Nanette Massey calls out racism in cancer care


Nanette D Massey, who was an inspiration for, and has worked with “Overdue Reckoning on Racism in Nursing” for over 3 years, has written an article in NABJ Black News and Views that describes the appointment of two Black women to the top administration of Roswell Park cancer center in Buffalo, New York, as a result of a report that detailed widespread racism toward Black nurses, doctors and other staff.

In the article, Nanette describes the situation that the report revealed at Roswell Park, and the changes that the institution is taking to begin making the needed changes. Nanette’s own work has focused on raising the awareness of white people to the widespread realities of racism, and supporting any and all action to bring about change. In the Black News and Views article, she acknowledges the work we are doing in our “Overdue Reckoning” project, including our current October series focused on actions needed by white nurses. Nanette cites Lucinda Canty’s remarks about the systemic ways in which hospitals are designed to sustain racism:

The experiences of Lucinda Canty Ph.D., one of the authors of “An Overdue Reckoning On Racism In Nursing” and an associate professor of nursing at UMass Amherst, add more logs to this fire. 

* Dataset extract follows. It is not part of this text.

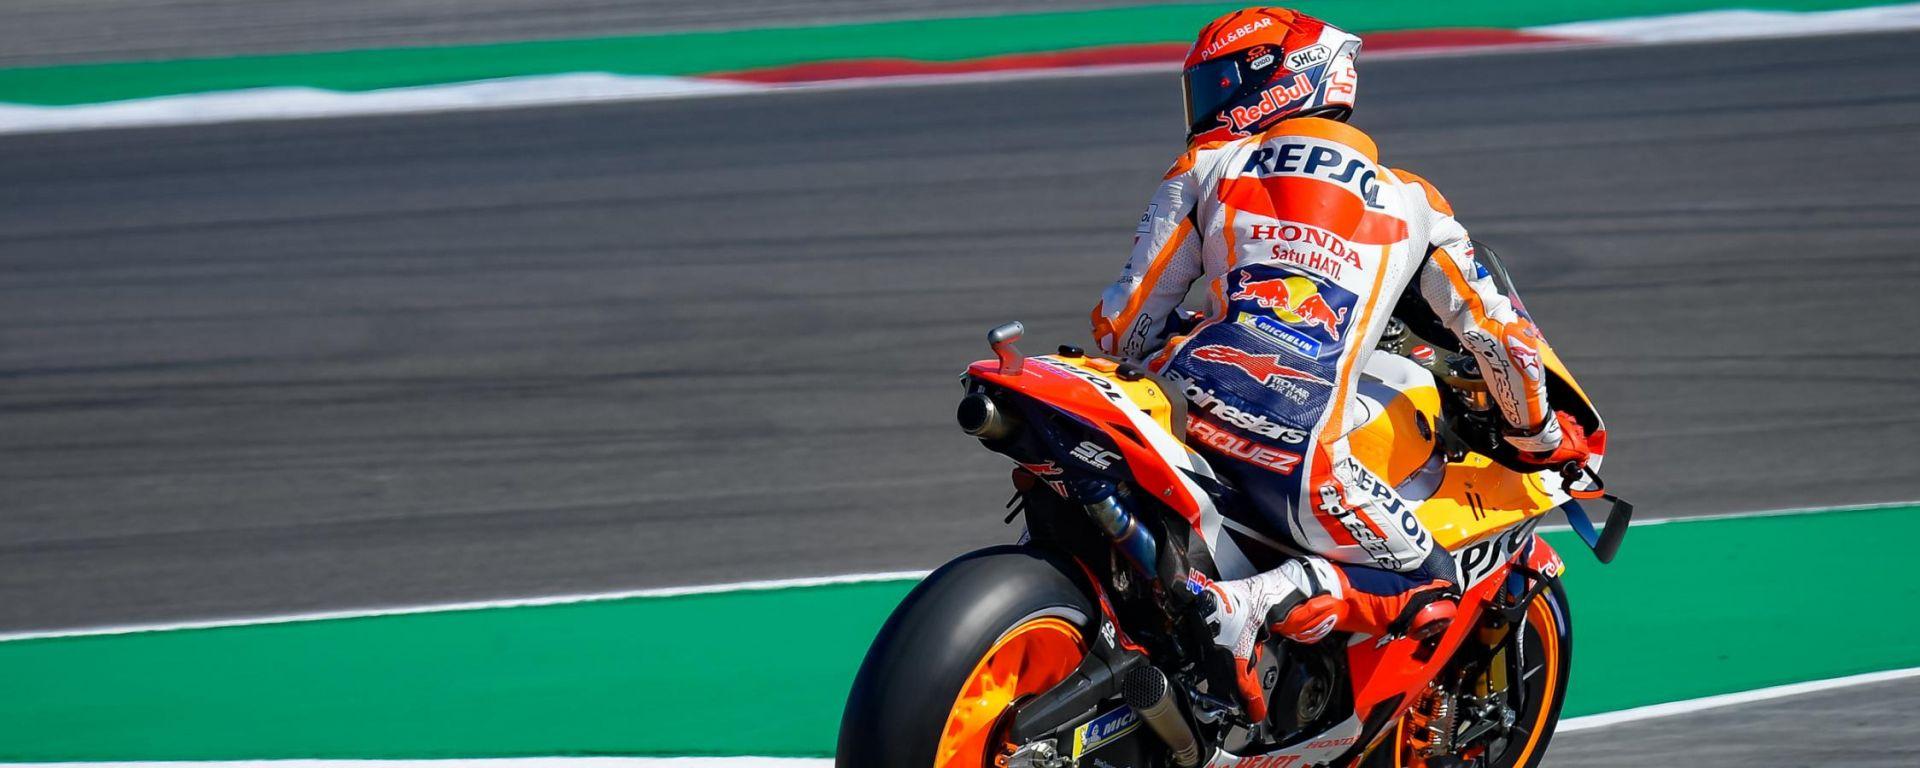 MotoGP, GP Portogallo 2021: Marc Marquez (Honda)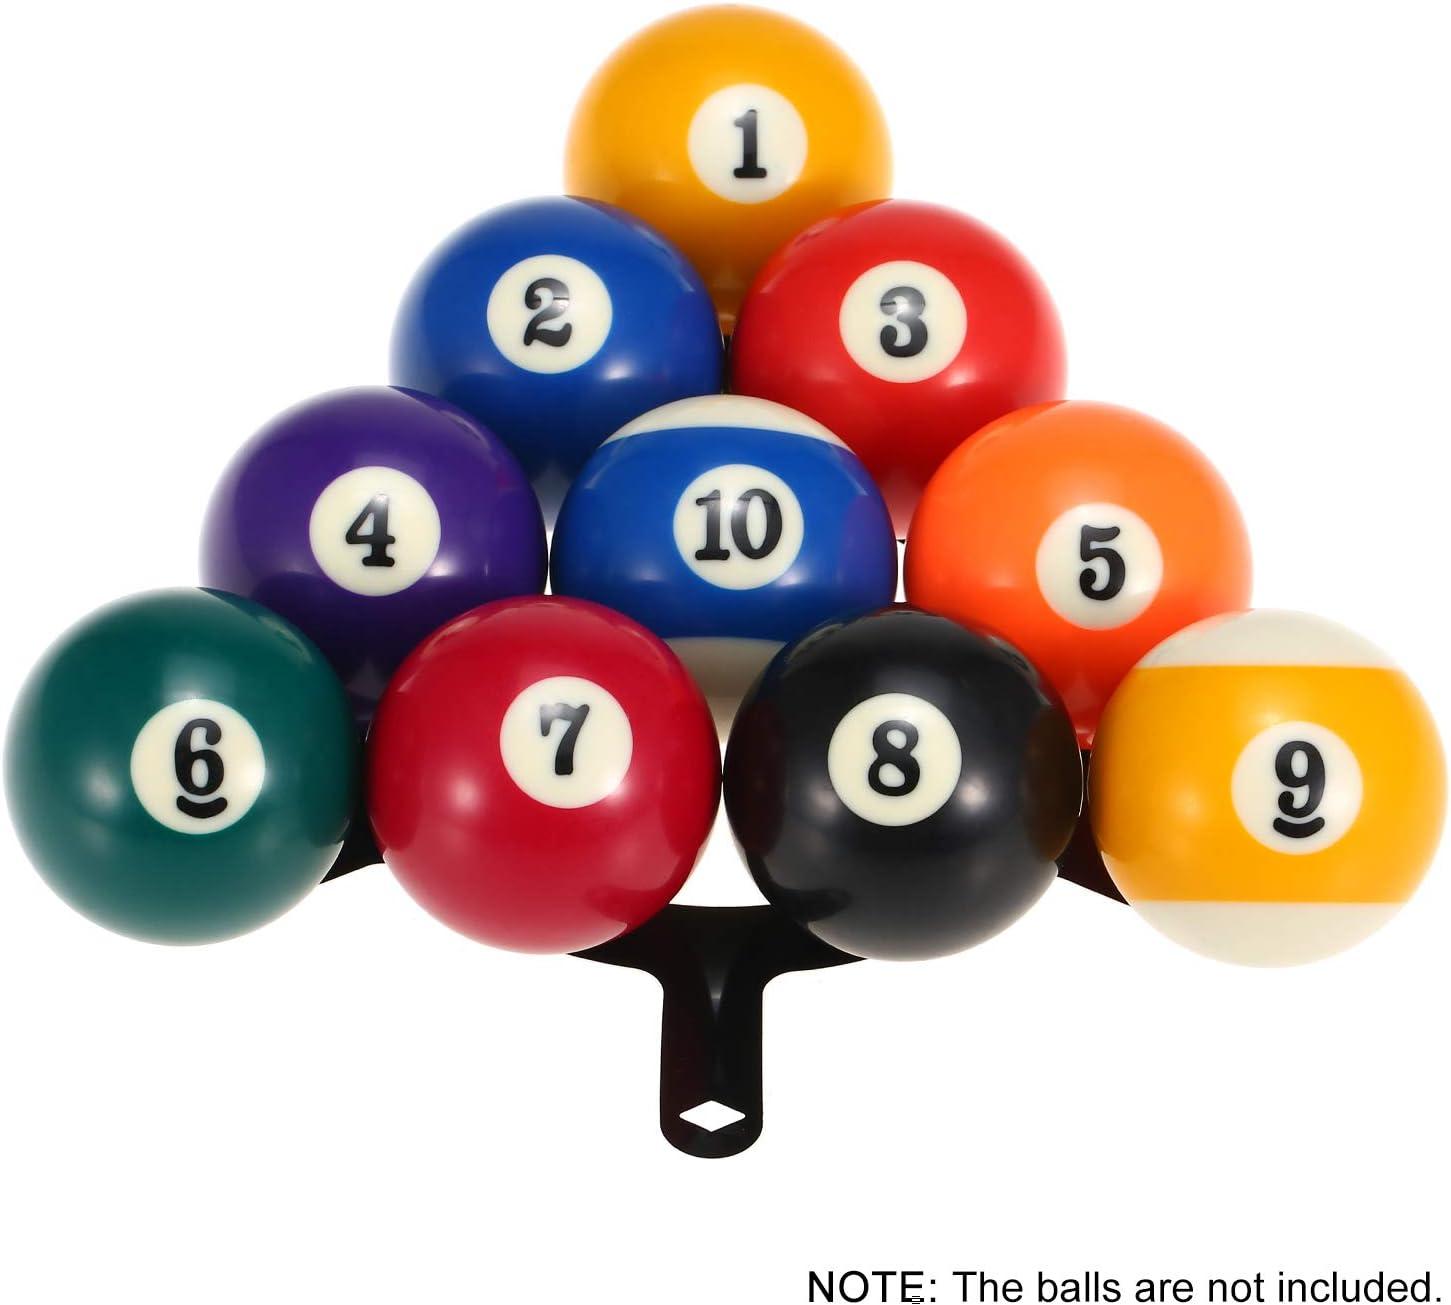 Ajcoflt 6 PCS Ball Rack Billar Rack Sheet Cue Ball Rack Cue Ball Accesorio: Amazon.es: Jardín

“Hospital systems,” said Canty, ”were never designed for Black people, as patients or employees. Segregation of hospitals ended with the civil rights movement of the 1960’s.That’s not too long ago. The structures are still in place in the form of leadership, policies, or procedures, all designed so that people of color cannot thrive. When racial issues come to light there is no accountability.” 

Nanette Massey, September 27, 2023

All of us who are nurses and who want to make change can take action anywhere we live and work. We cannot do everything that is required, but each of us can do something. Join in on our Saturday discussions for the remaining Saturdays in October! Here are topics we are planning to kick off discussions for the rest of October –

Oct. 14 – Dismantling white privilege – “What is your experience of remaining silent while people of color speak?”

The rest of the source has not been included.